Пустой, незаселённый рай. С началом туристского сезона в этих местах дикого зверя почти не остаётся, уходят в резерват, где их никто не пугает. Лишь изредка в буковом лесу можно заметить тощих кабанов или спугнуть старого, одинокого медведя.

Уже далеко за обед они прошли осыпь и почти сразу на взгорье увидели сизый дымок. Постройки приюта скрывались за берёзами. Кони пошли веселей.

От балагана раздался короткий собачий лай. Не злой, даже не строгий, а скорее предупредительный, такой вежливый лай.

— Вот тебе раз, — сказал Котенко. — Мы Архыза ведём, а на приюте уже своя собачка. Сергеич сообразил, что нынешний сезон не в черте заповедника живёт. Завёл хозяйство.

На приюте толпился молодой народ. Знакомая фигура в спортивных брюках стояла у балагана, Таня… Ладошкой отбросила она волосы со лба, Иван и Ростислав Андреевич разом обернулись к Саше. Он глядел куда-то вбок, лицо было отрешённым и серьёзным.

— Не думал я, само собой, видеть вас так скоро, — с напускной суровостью встретил их Александр Сергеевич. — Гляди-ка, Татьяна, да ведь это сам молодой Молчанов с начальством! Ну, здорово, Андреевич, с прибытием тебя, Александр. Во, и Лысенко тут как тут! Иль ещё кого ловить надумали?

— Нарушители завелись у тебя на приюте, — в тон ему ответил Котенко. — Собак напривозили к самой границе заповедника. Кто облаивал нас?

— А это Татьянина причуда. Привела мне свою симпатию, вон она у порога возлежит, даже не поднялась. Само собой, барыня.
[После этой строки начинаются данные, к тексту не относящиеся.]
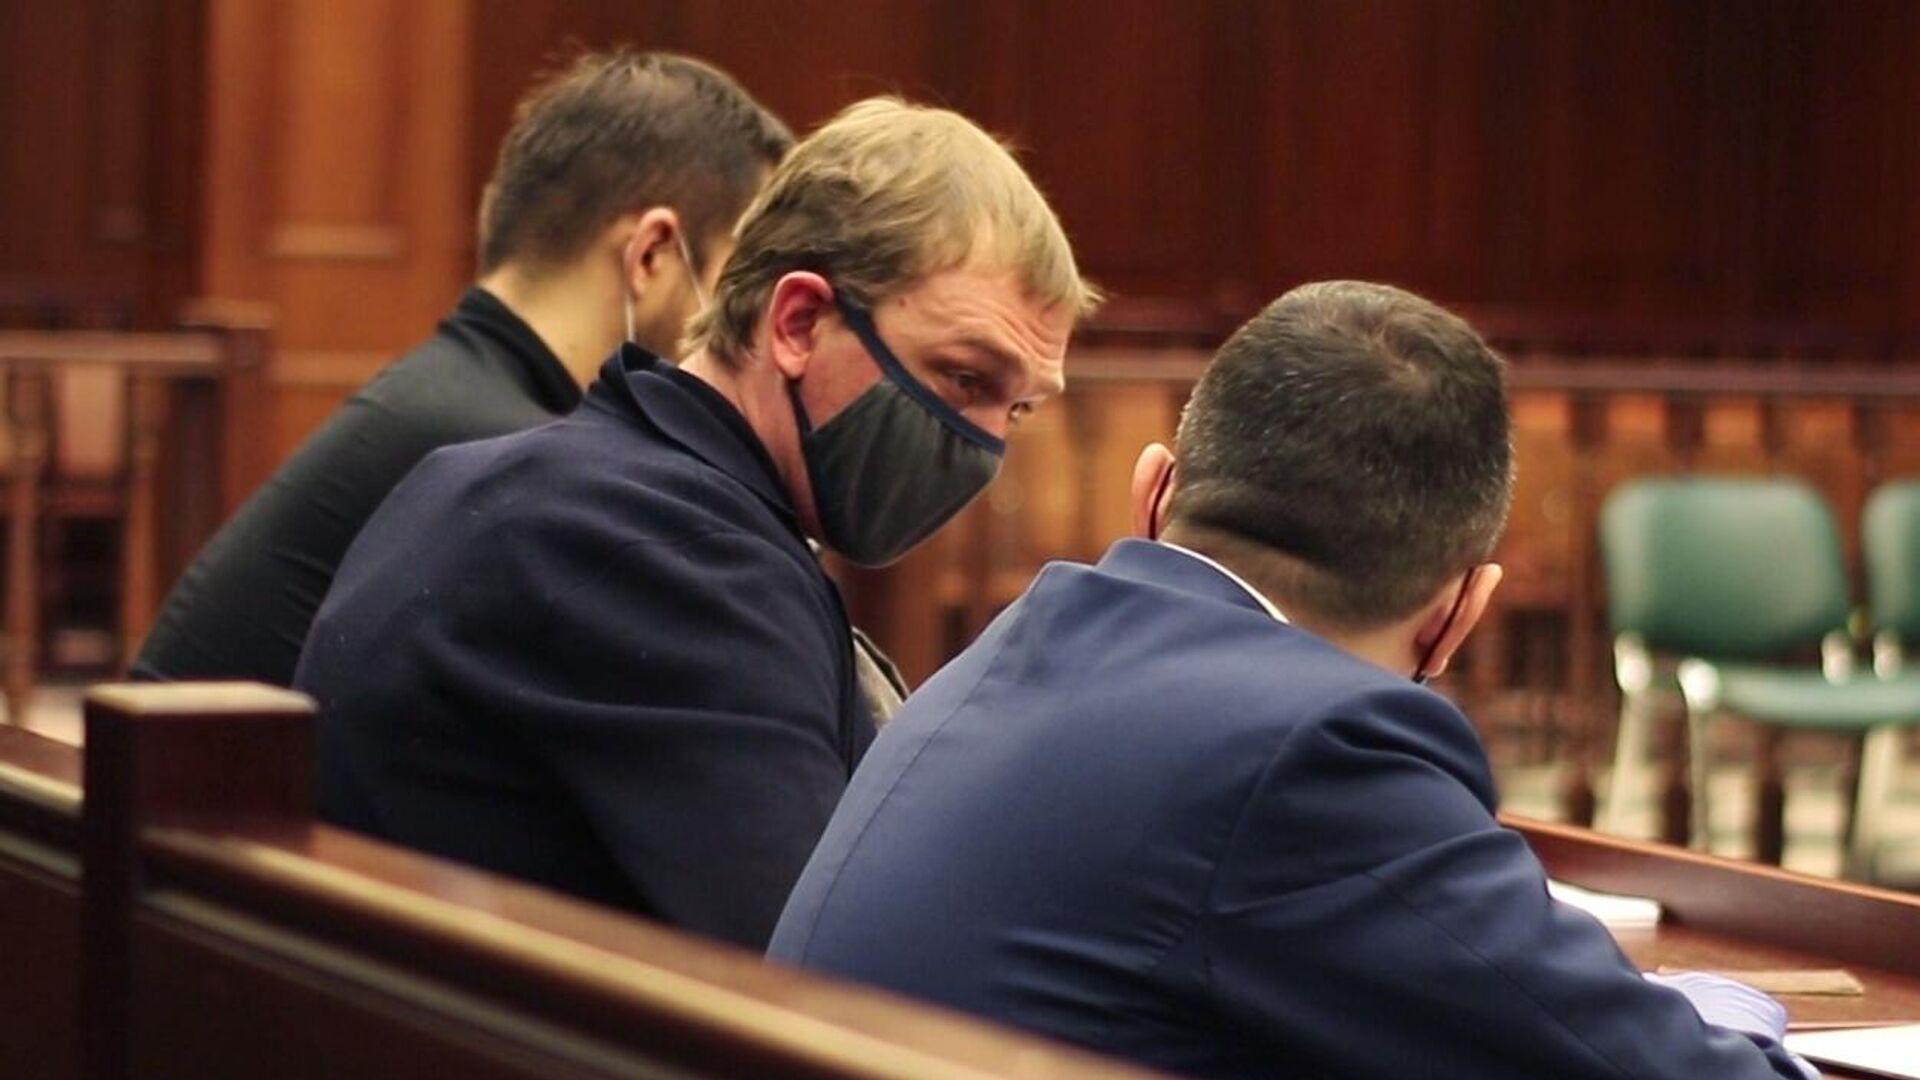 Прокурор: Голунову приписали распространение наркотиков в двух клубах

Сырого мяса не потребляет, подавай ей вареного, воды тоже дай кипячёной…

— Будет вам, Сергеич, придумывать, — со смехом сказала Таня.

Она поздоровалась и тихо стала в стороне, посматривая на Сашу. Его настроение передалось и ей. Как сказать Саше, раз уж встретились? И возможно ли понять это, если и сама она ещё не вполне поняла случившееся? Появился Виталик — и все забыла. И многолетнюю Сашину дружбу, и свою, ещё девчоночью, привязанность к нему. А теперь ничего нельзя изменить.

Леди лежала у дверей балагана и, чуть склонив узенькую головку, слушала разговор. Это была холёная, чистая колли, длинношёрстное симпатичное существо, созданное человеком, несомненно, в городе и для городских условий. Выразительные глаза её смотрели умно и открыто. Ни тени коварства или жестокости не было в этом взгляде. Доброта и готовность к услуге. Собака цивилизованного двадцатого века.

Вокруг гомонили туристы. Именем этим на сей раз назывались школьницы из восьмых-девятых классов. Таня привела их с двумя учителями, чтобы показать ледник Кушта, высокогорное озеро, попробовать забраться на одну из вершин, откуда в ясные дни можно увидеть и панораму Кавказа, и далёкое море.

— Куда ж вы теперь? — спросил Сергеич, оглядывая горку вьюков, набитых всякой всячиной.

Котенко показал на восток, где дымился длинный; чёрный Джемарук.

— В резерват, к своим зверям.

Таня решилась подойти к замкнувшемуся Саше. Он отошёл от балагана и занялся карабином.

— Я не знаю, как начать… — Таня стояла над ним и нервно сжимала руки. — Но надо же когда-то, Саша… Ты слушаешь меня?

— Да, слушаю, — хрипло, с усилием сказал он и не узнал своего голоса. Зачем она встретилась? Зачем этот разговор?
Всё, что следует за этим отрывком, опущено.